There are a couple of times in a year where I find myself with a giant pile of garlic that needs using really soon: harvest, and planting.
Over the years, I’ve tried all sorts of ways to use it. Garlic bread. Garlic butter. Confit garlic. Honey fermented garlic. But salt has to be one of my favourite options. It can use a lot of garlic, it lasts ages, it improves practically every meal, and it makes a great gift.
For Christmas last year I made a batch of rosemary and garlic salt as home-made presents. It turned out pretty amazing, so I thought I’d record and share the recipe.
Ingredients
1c whole garlic cloves, peeled
1 1/4c kosher salt
1/4c dried rosemary
Method
Blend 1 cup of salt and garlic until it becomes a slurry.
Line a baking tray with baking paper. Spread the slurry thinly over the paper.
Bake or dehydrate at 50ºC until dry – this can take up to 8 hours and will make your house stink. Fan bake is helpful if you have it. Beware that going up to 70ºC in an attempt to dry it faster can result in burning your garlic.
Once dry, crumble it back into the blender. Add the dried rosemary and leftover 1/4c of plain kosher salt. Blend until thoroughly combined.
Put into a grinder and use on practically anything that needs some salt.
Will make enough to fill 3 or 4 grinders. Store excess in an airtight glass jar.

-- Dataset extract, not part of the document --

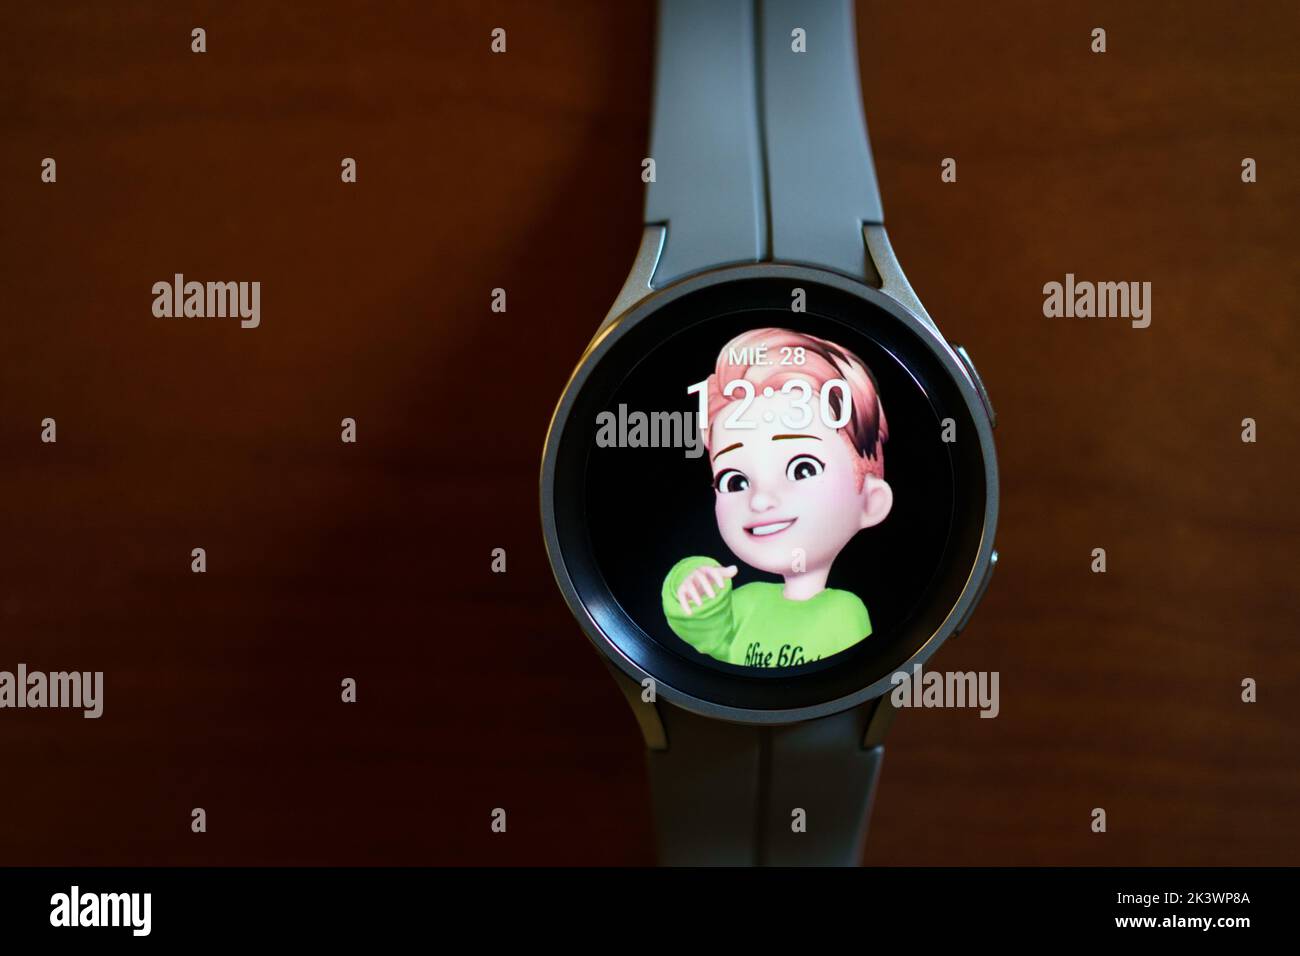 Granada, Andalusia, Spain - September 28, 2022: New Samsung Watch 5 Pro with watch face of AR Emoji Stock Photo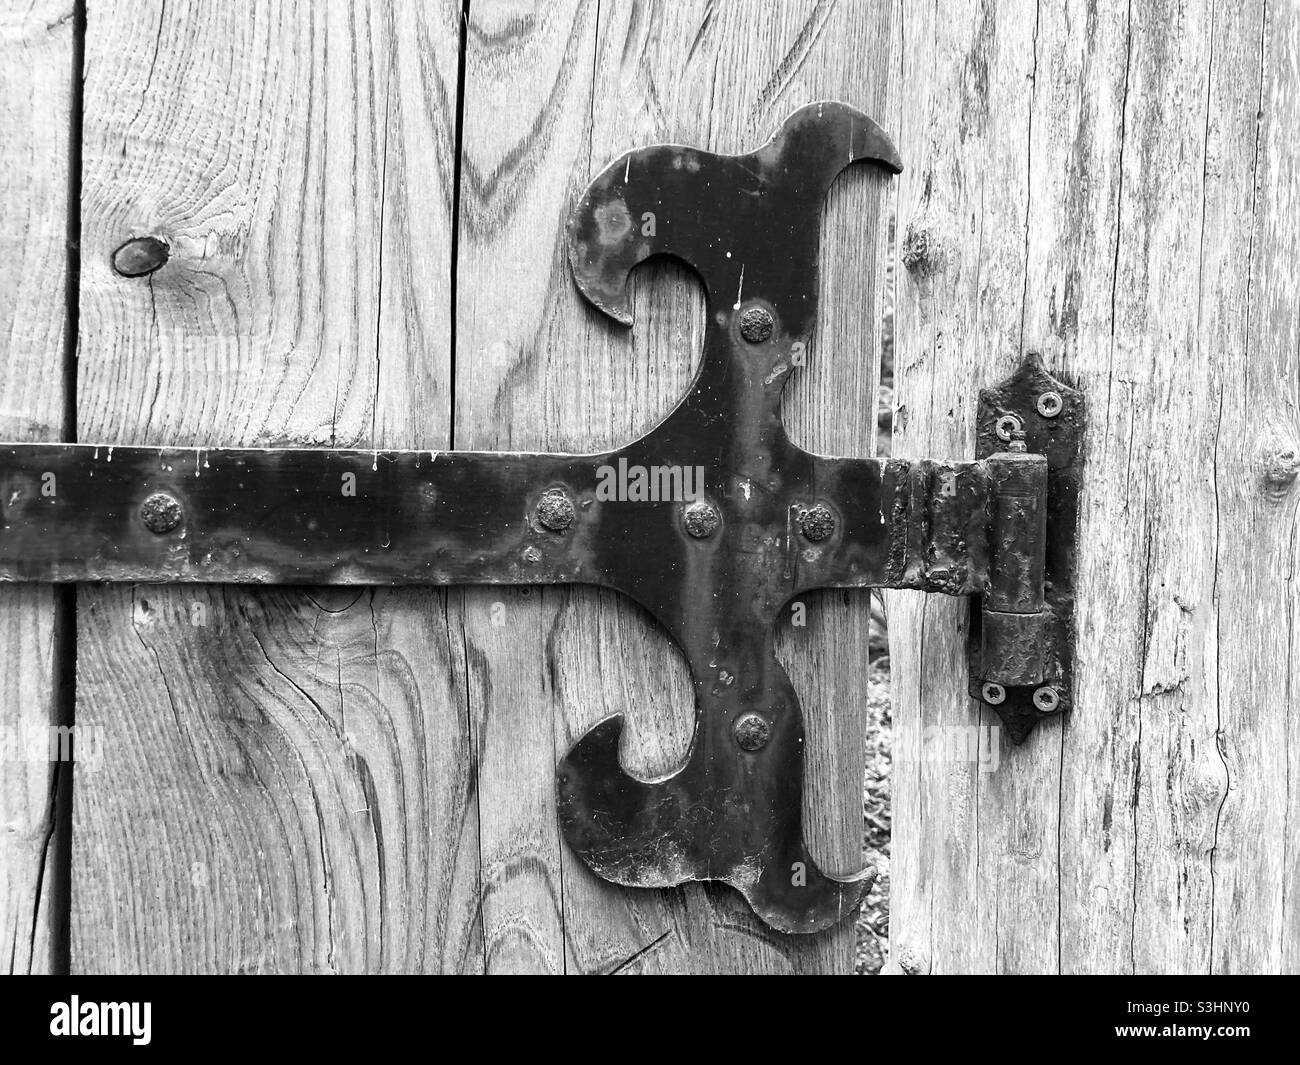 Fitting of a wooden Gate Stock Photo

Hey Kat, this sounds amazing. Just wondered if the salt keeps its course look like yours has here?
Does blending it not turn it fine? I’m definitely going to give this a go 😀
Hey Donna – it does keep coarse if you use a coarse salt. If you want a finer salt, start with a finer salt. The blender doesn’t do much to reduce the grain size at all. Pictured is the batch I made in December, tipped out of the grinder yesterday and photographed.